На этот раз в холодных голубых глазах ничего не мелькнуло.

— Это зависит от того, что за цветочек он сорвал. К тому же, вы никогда не задумывались, что я, возможно, специализируюсь на убийствах?

— Макс кого-то убил? Человек, который зарабатывает тасканием кроликов из шляпы? Я вас умоляю.

— Возможно, наоборот.

Темпл нахмурилась. Она не ожидала нового удара со стороны наполовину оплаканного, наполовину проклятого Макса Кинселлы. На что это намекает леди в железных латах из ЛВПД[37]? Ответ ударил ее точно обухом по голове. Она никогда не предполагала такого даже в мыслях, даже в три часа ночи, в самые темные минуты бессоницы.

— Макс… мертв? Нет! Вы не знаете, какую физическую подготовку нужно иметь, чтобы быть фокусником! Каким нужно быть сильным, быстрым, умным! Их не так легко убить, уж поверьте! Вы что, действительно думаете, что Макс исчез, потому что его убили?

— Успокойтесь, Барр. У вас есть гораздо больее серьезные причины для кудахтанья, чем человек, воспоминания о котором вы лелеете три месяца.

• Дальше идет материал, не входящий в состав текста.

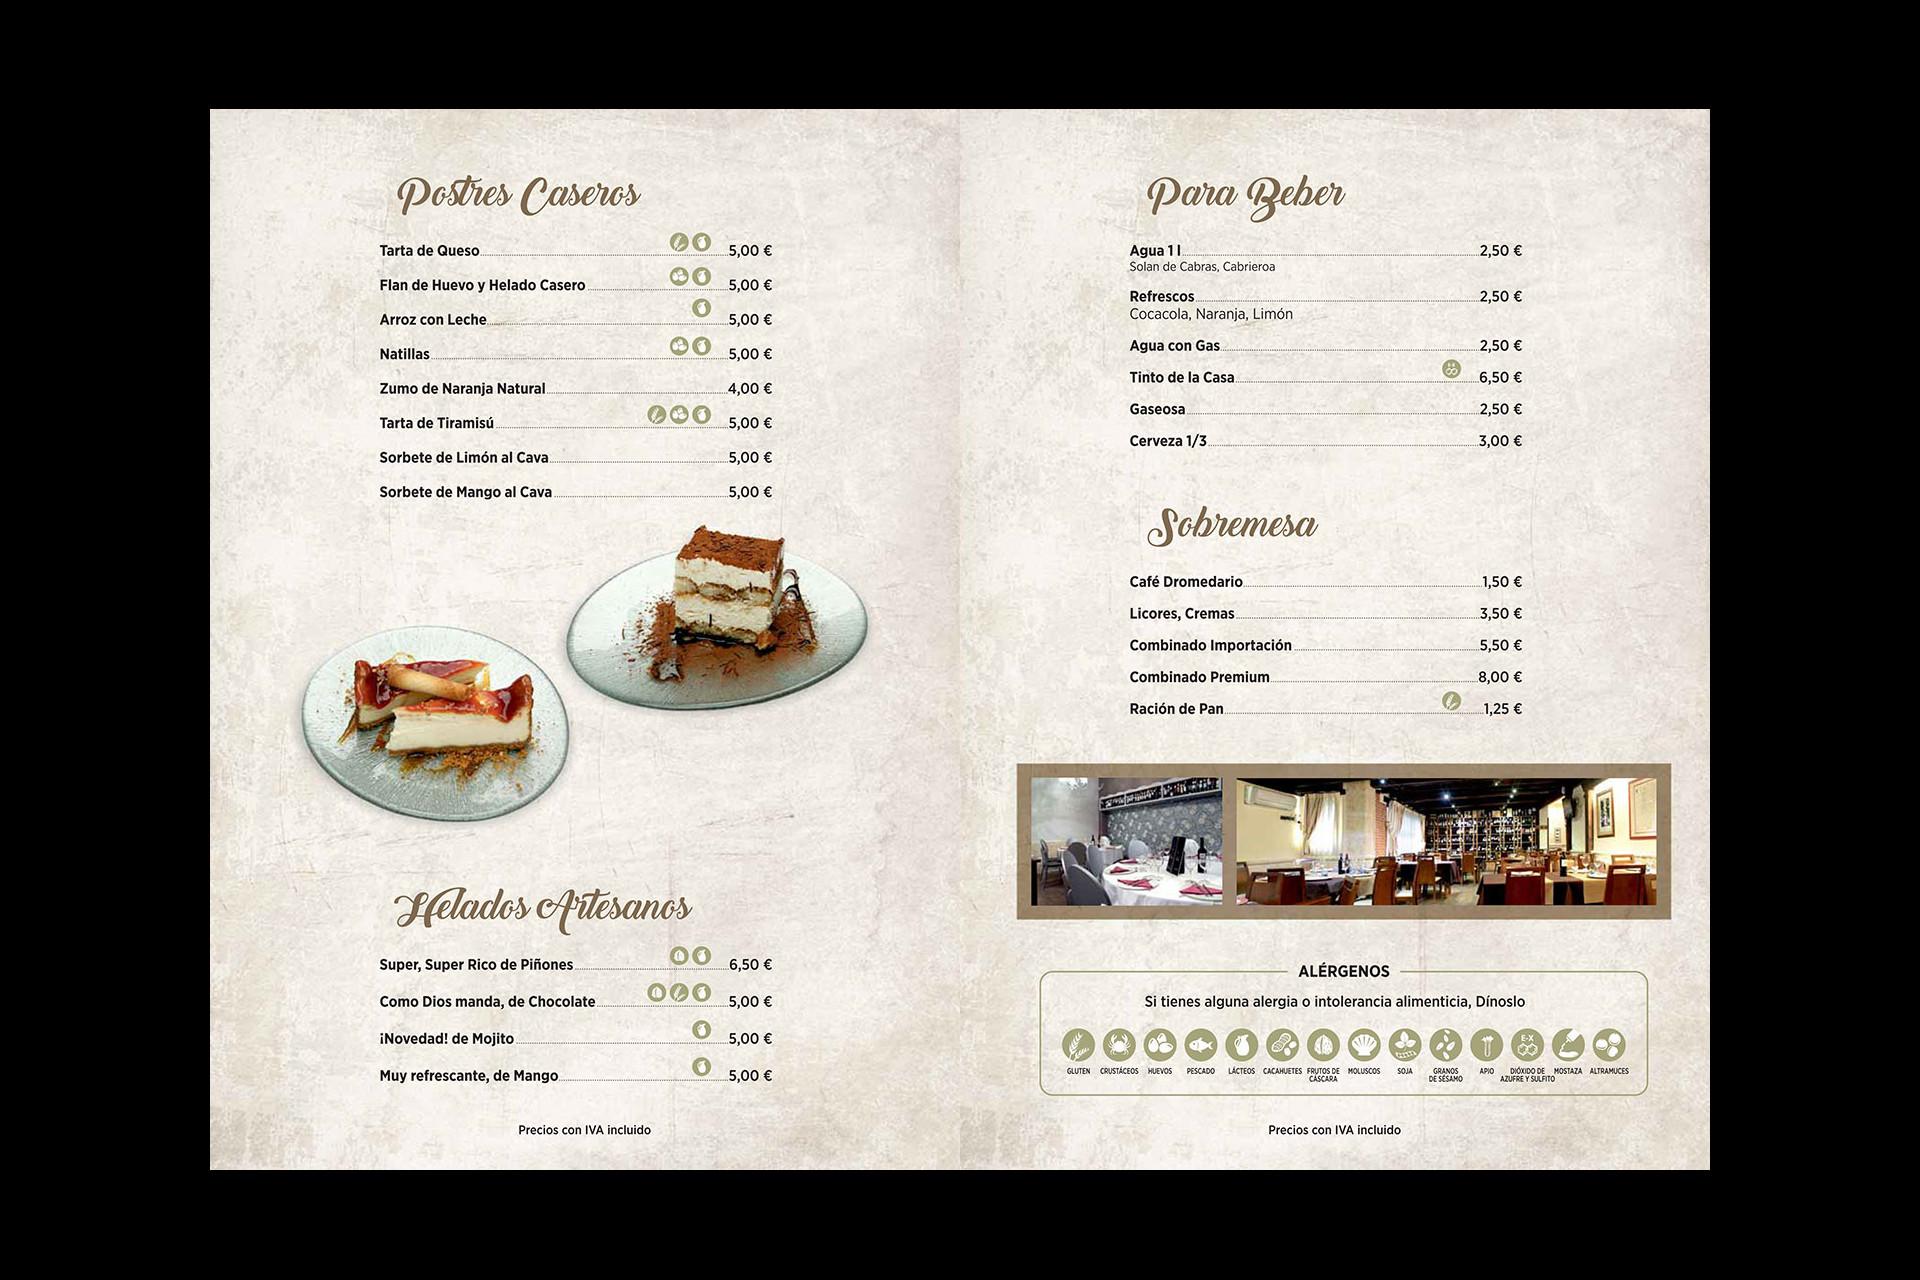 Carta restaurante con información alérgenos

— Откуда вам знать, что я лелею? — Темпл покраснела, мгновенно пожалев о своем порыве.

— В этом и проблема, что ниоткуда. Когда я опрашивала вас в связи с исчезновением Кинселы три месяца назад, вы были так же общительны, как наемный убийца из мафии. Сейчас вы опять изображаете каменную стену по поводу этого убийства в ААК. Я работаю в полиции, между прочим. Имею право задавать вопросы.

— Не такие личные. И не в случае простого исчезновения.

Молина хранила молчание.

— Ну, хорошо, что я вам не сказала из того, что вам нужно знать?!

— Все. Вы заявляли, что ничего не знаете про Кинселлу — его семью, его прошлое, его друзей…

— Я и не знаю! Слушайте, мы с Максом были вместе слишком короткое время. Он был гастролирующим фокусником, а я и сама не очень-то поддерживала контакты со своими родственниками. Я просто не знала… не знаю этих вещей.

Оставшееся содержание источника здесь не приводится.